--- START ---

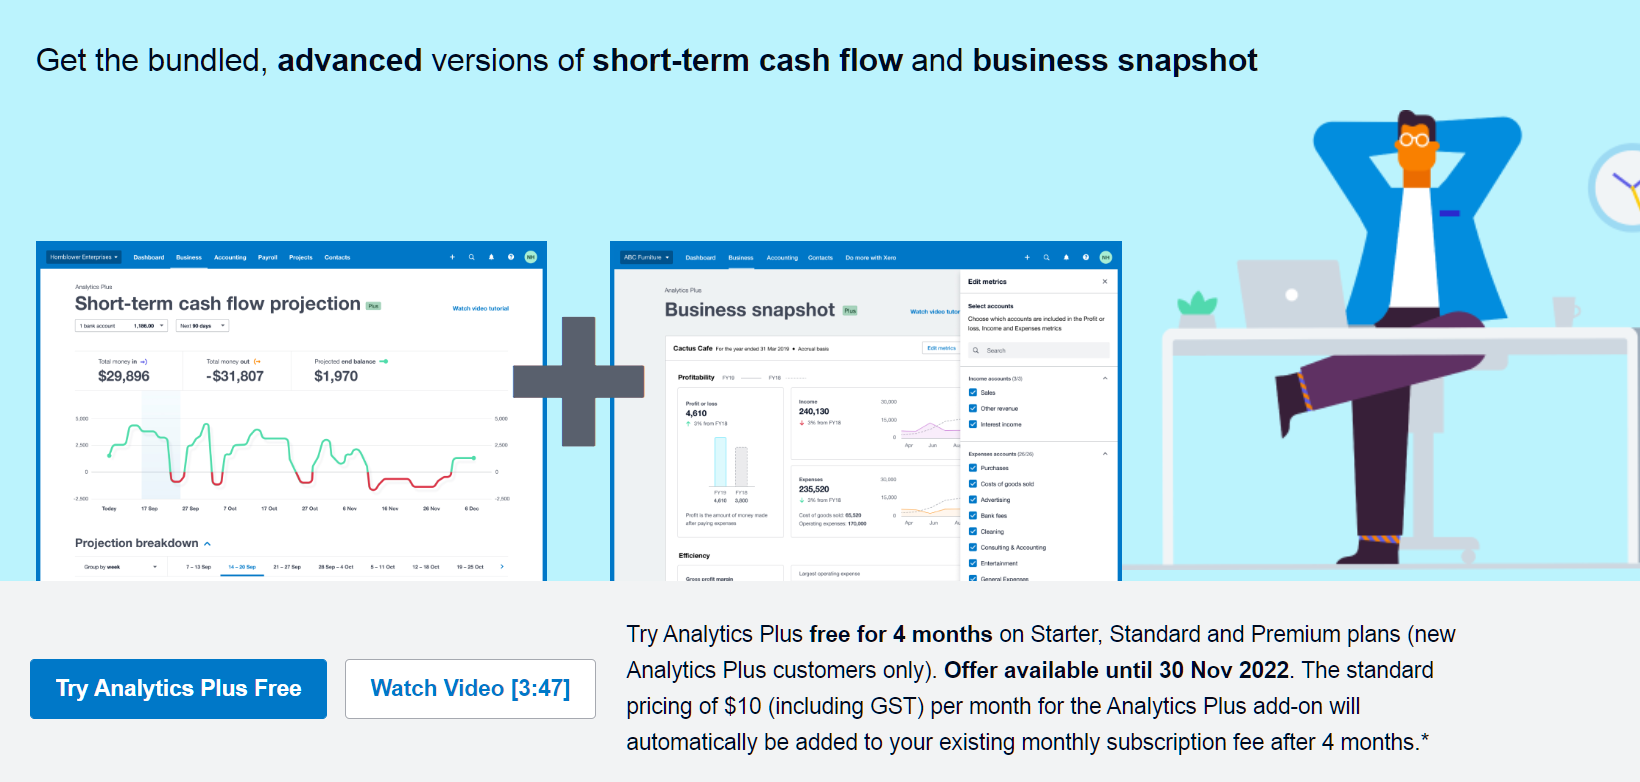 Xero-Analytics-Plus-is-a-paid-subscription-for-Short-Term-Cashflow-Projection-Online-Bookkeeping-Training-Courses-Certification-in-Xero
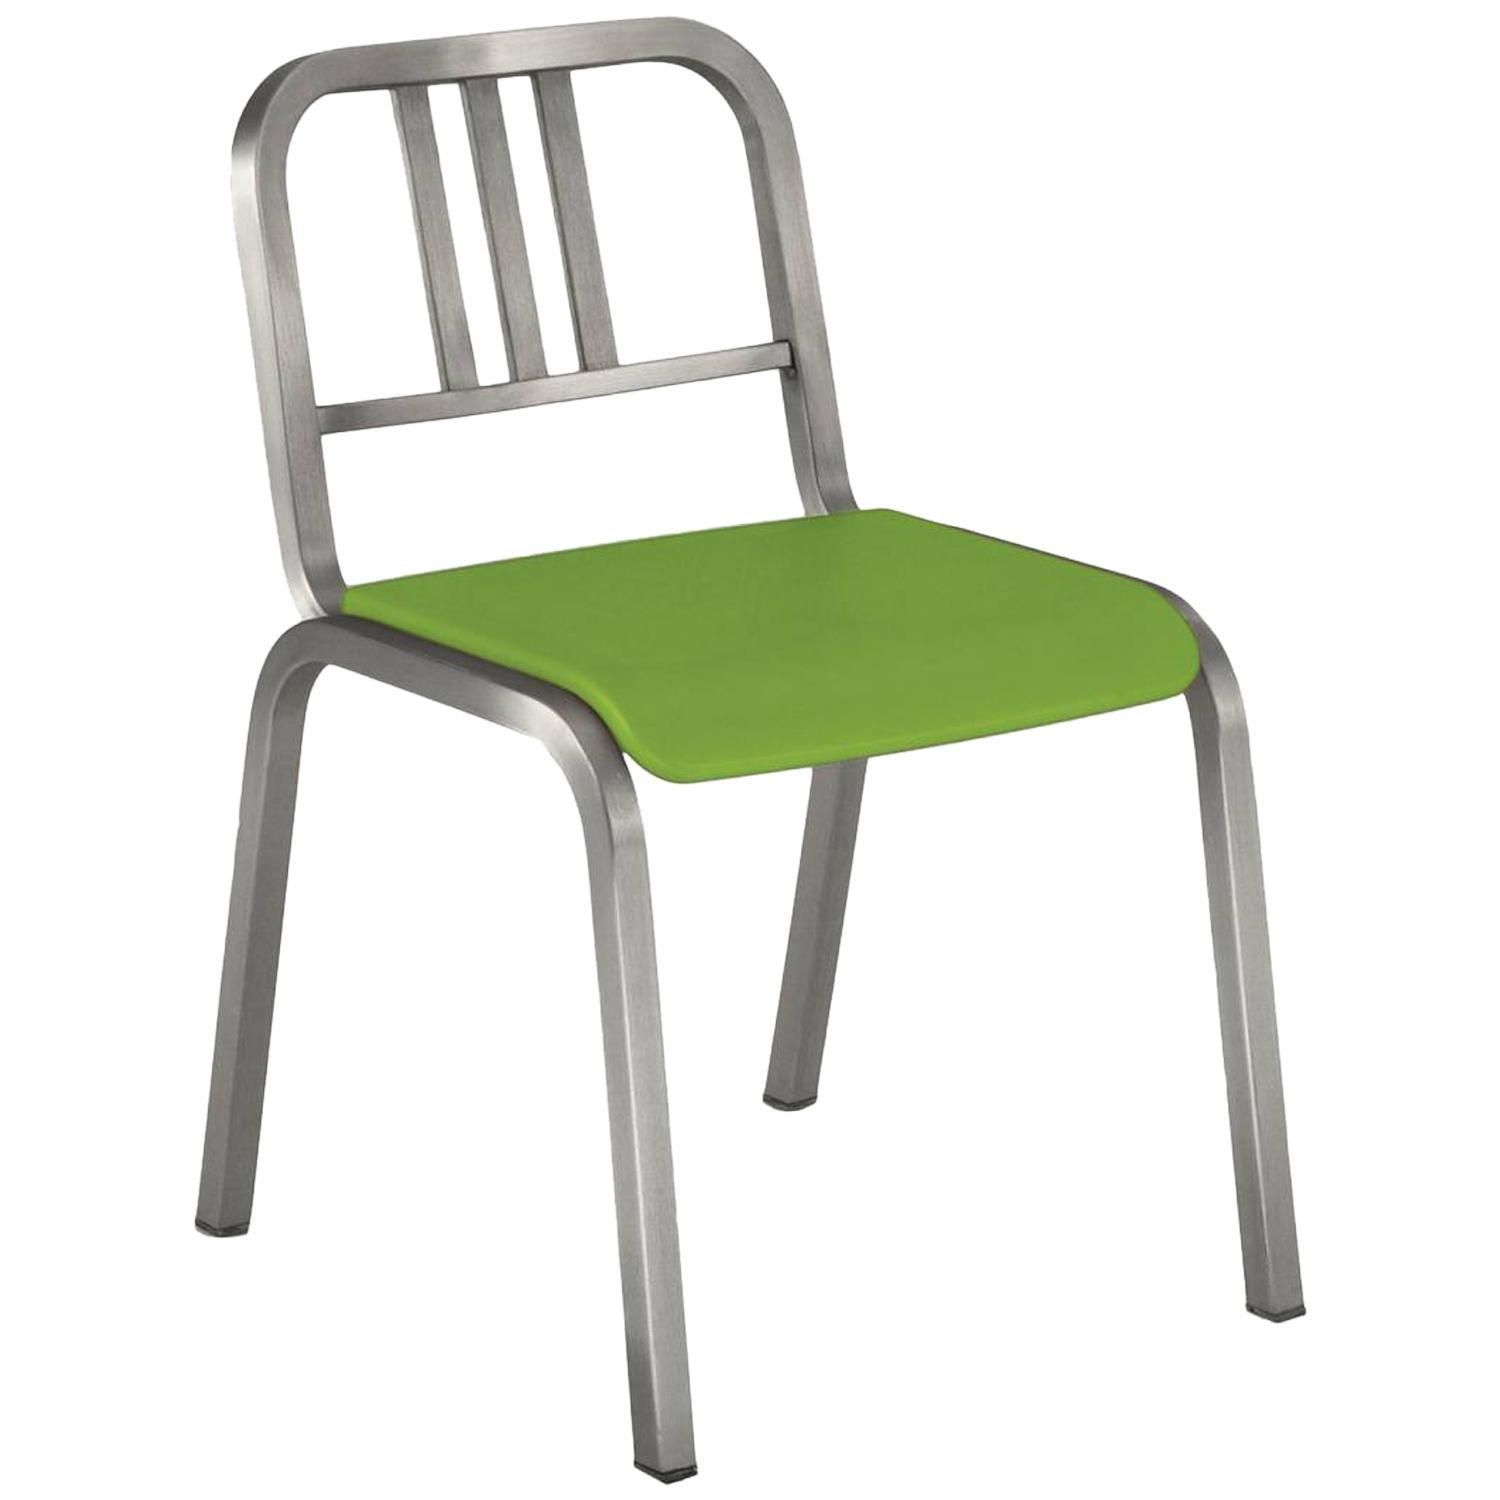 Emeco Nine-0 Chair in Brushed Aluminum with Green Seat by Ettore Sottsass
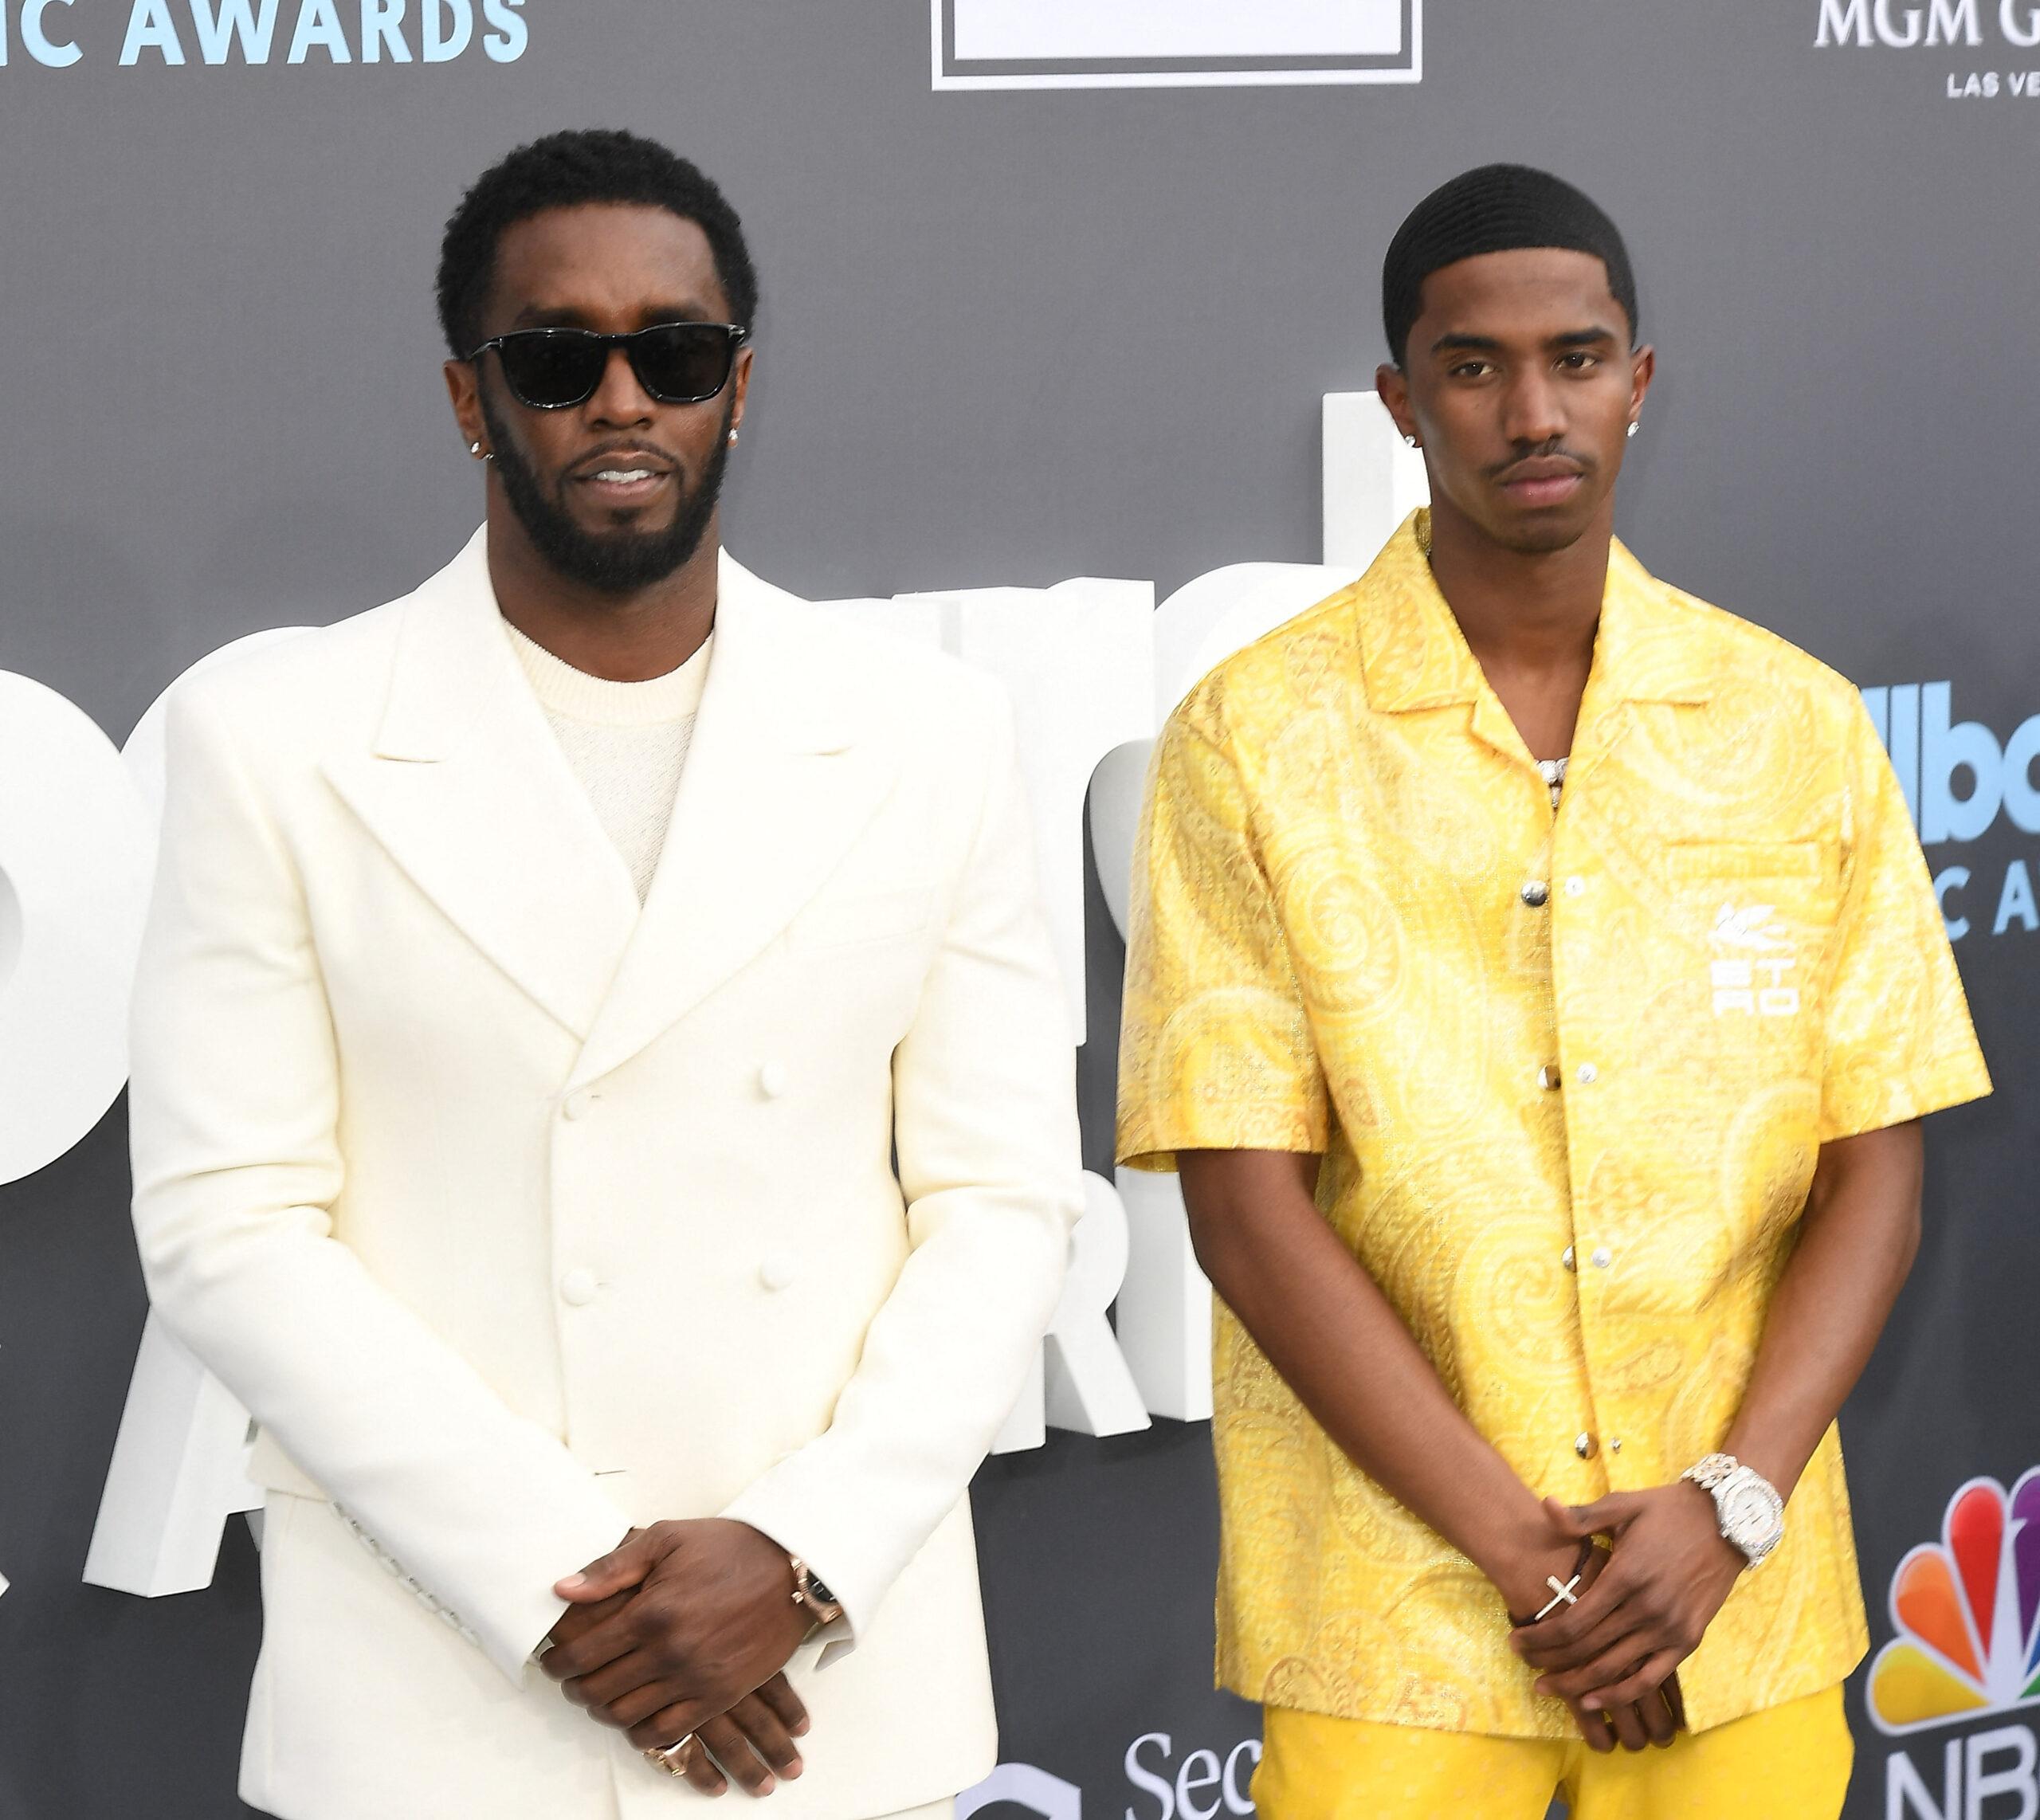 Diddy and his son at the 2022 Billboard Music Awards held at the MGM Grand Garden Arena on May 15, 2022 in Las Vegas, Nevada, United States
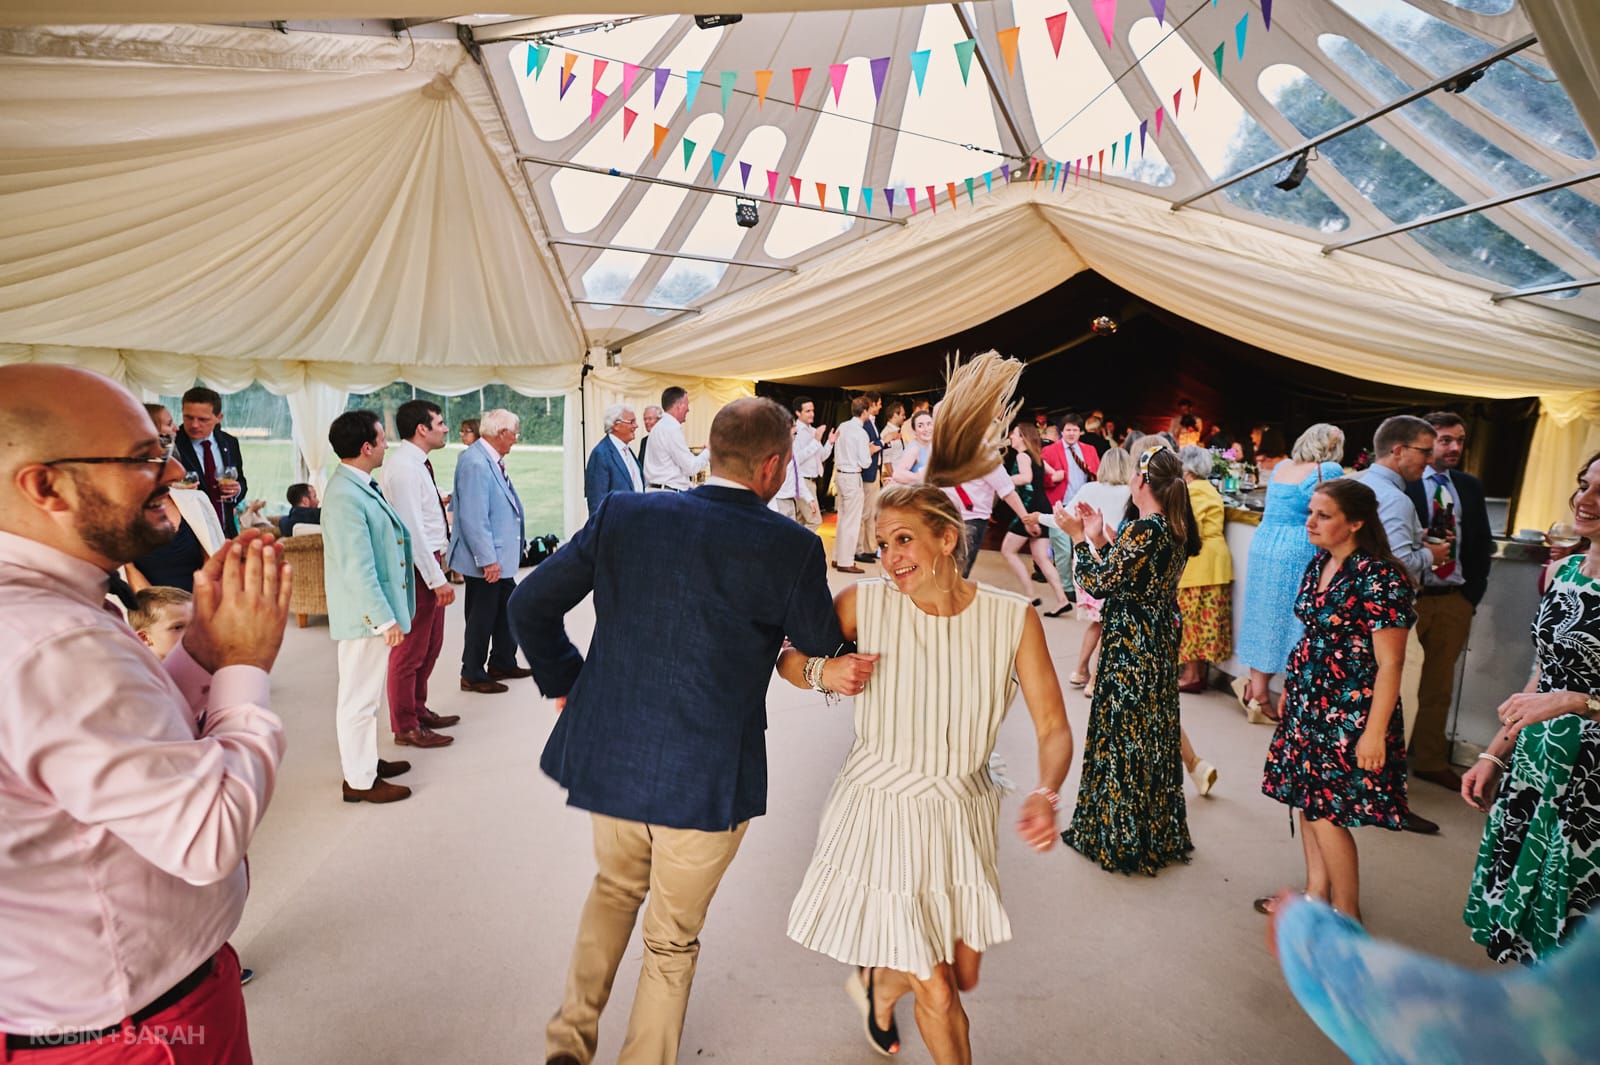 Wedding guests dance to ceilidh at wedding reception

--- END ---

> Task prompt
A word-for-word reprint of the listing above is needed, minus the pictures.

> Output
 Xero-Analytics-Plus-is-a-paid-subscription-for-Short-Term-Cashflow-Projection-Online-Bookkeeping-Training-Courses-Certification-in-Xero
 Emeco Nine-0 Chair in Brushed Aluminum with Green Seat by Ettore Sottsass
 Diddy and his son at the 2022 Billboard Music Awards held at the MGM Grand Garden Arena on May 15, 2022 in Las Vegas, Nevada, United States
 Wedding guests dance to ceilidh at wedding reception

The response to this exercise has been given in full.